Entirely too much trust is granted to automation, almost a reflex, even when it obviously contradicts logic and common sense. In the translation sector, I encounter time and again the idea that language services work should be cheaper if it involves text pre-proccessed by machine translation such as DeepL, even when it can be demonstrated that achieving the desired level of quality takes longer than if the text were translated by human effort only. So time isn't money for these people, I guess. The real issue is slavelancing.

Some postulate that most people need to believe in a Higher Power of some sort and take from it the direction and meaning of their lives. I used to dispute that, but seeing now how so many educated people in the business world have replaced Nin-girsu, Shiva, Allah, Nossa Senhora da Fatima and Mighty Cthulu with the new God of MTness, I suspect I may have been wrong.

As with most religions, it's our people and their welfare who are the true victims of this automation religion, while the priests argue that the real problem is that we haven't sacrificed enough to that invisible middle finger the technologists wave in our faces.

But I ask, what's the harm of paying a few more cents if you must if it leads at last to a lot more sense and better understanding for us all?

Jun 17, 2022

memoQ Inside Out: Templates for Translators

In the summer of 2021, I was coaching a group of project managers and translators at a Portuguese service company, helping them to develop processes to overcome some rather complicated filtering and configuration challenges for recurring project types. It was clear to me that some of their difficulties could be overcome with the use of templates, but I had only recently begun to use these productively myself, and my attempts to communicate the subject matter overwhelmed the group for the most part, and examining the sample templates provided with memoQ installation simply made matters worse.

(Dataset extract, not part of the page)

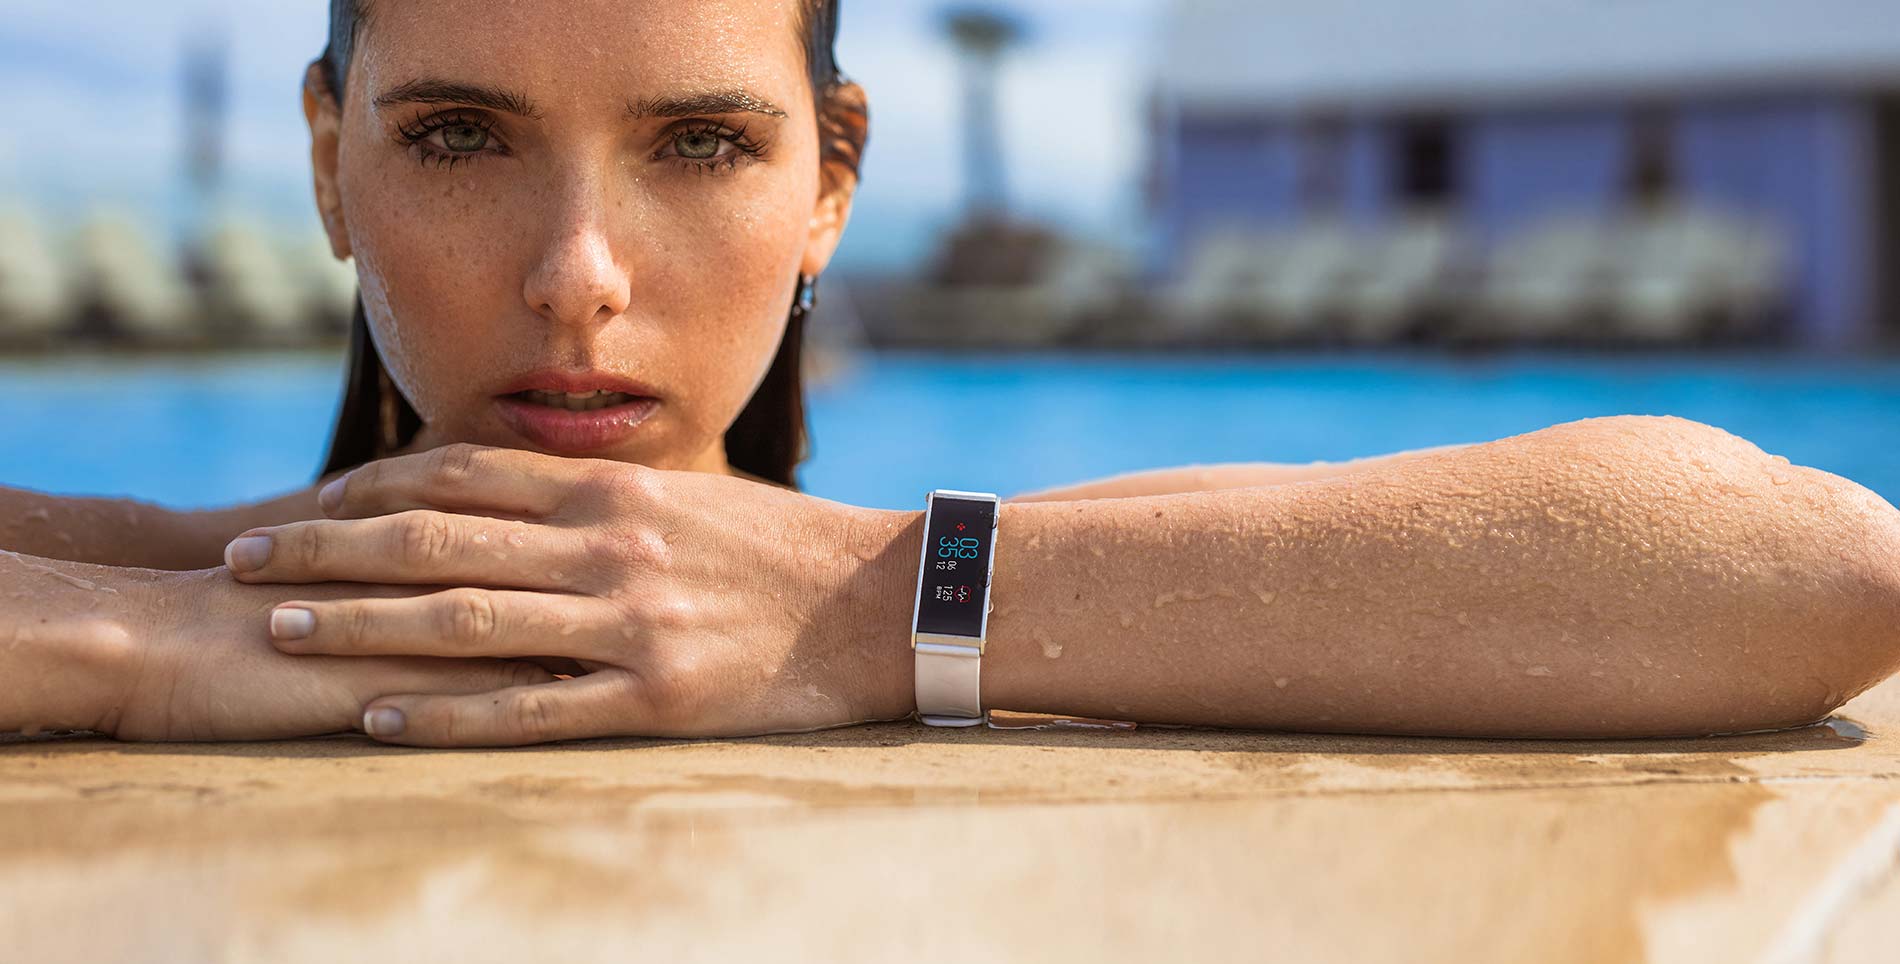 Water resistant activity tracker. IP67, 6: Protected from dust, 7: Protected against the effects of immersion in water to depth between 15 cm and 1 meter
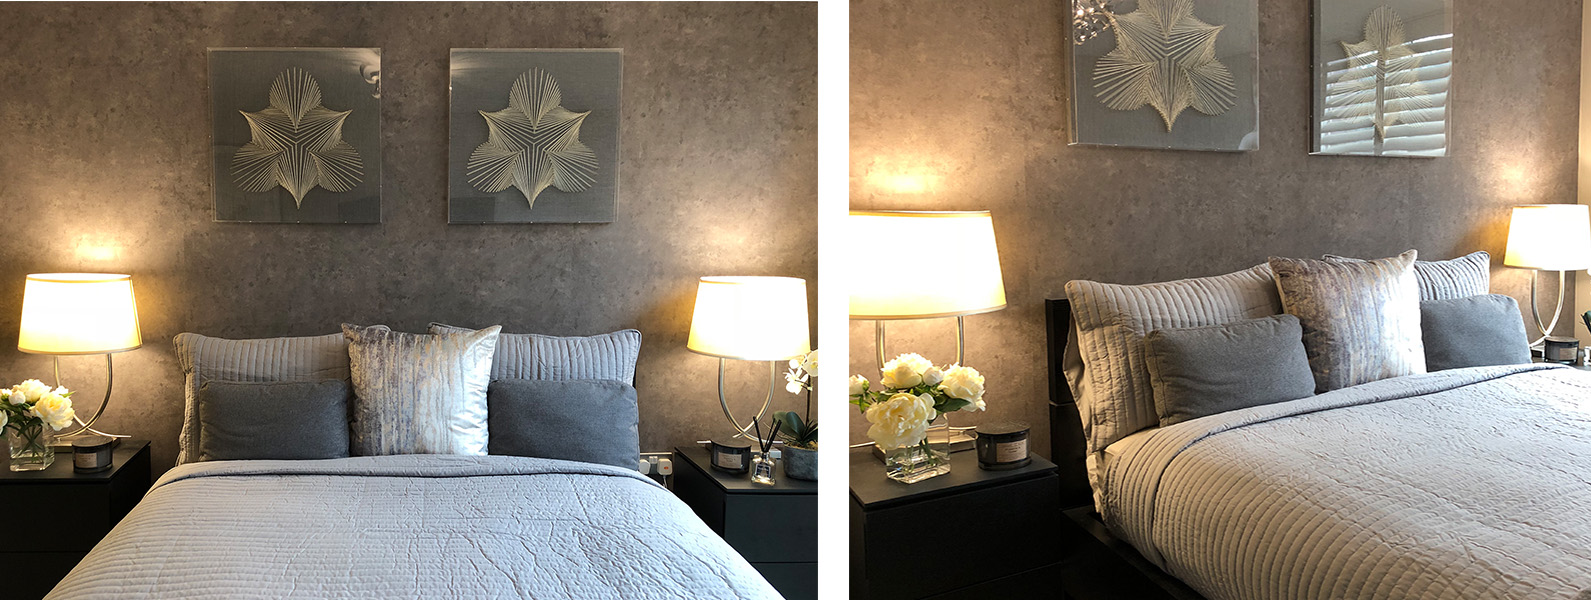 MasterMaster bedroom interior design and styling details by Moji Salehi at Moji Interiors in Hove.

After several frustrating tutorial sessions and the failed acceptance of a template that I had developed which was tailored to a rather long wish list of automation that came out of our discussions, I decided that the only way to make the value of templates clear to this group of professionals was to wipe the slate clean, forget about all the myriad "wishes" and build a few simple templates which did just a few simple things. Starting from a new configuration with nothing at all. Surprisingly, less was indeed more, and the frustrated people began to "get it".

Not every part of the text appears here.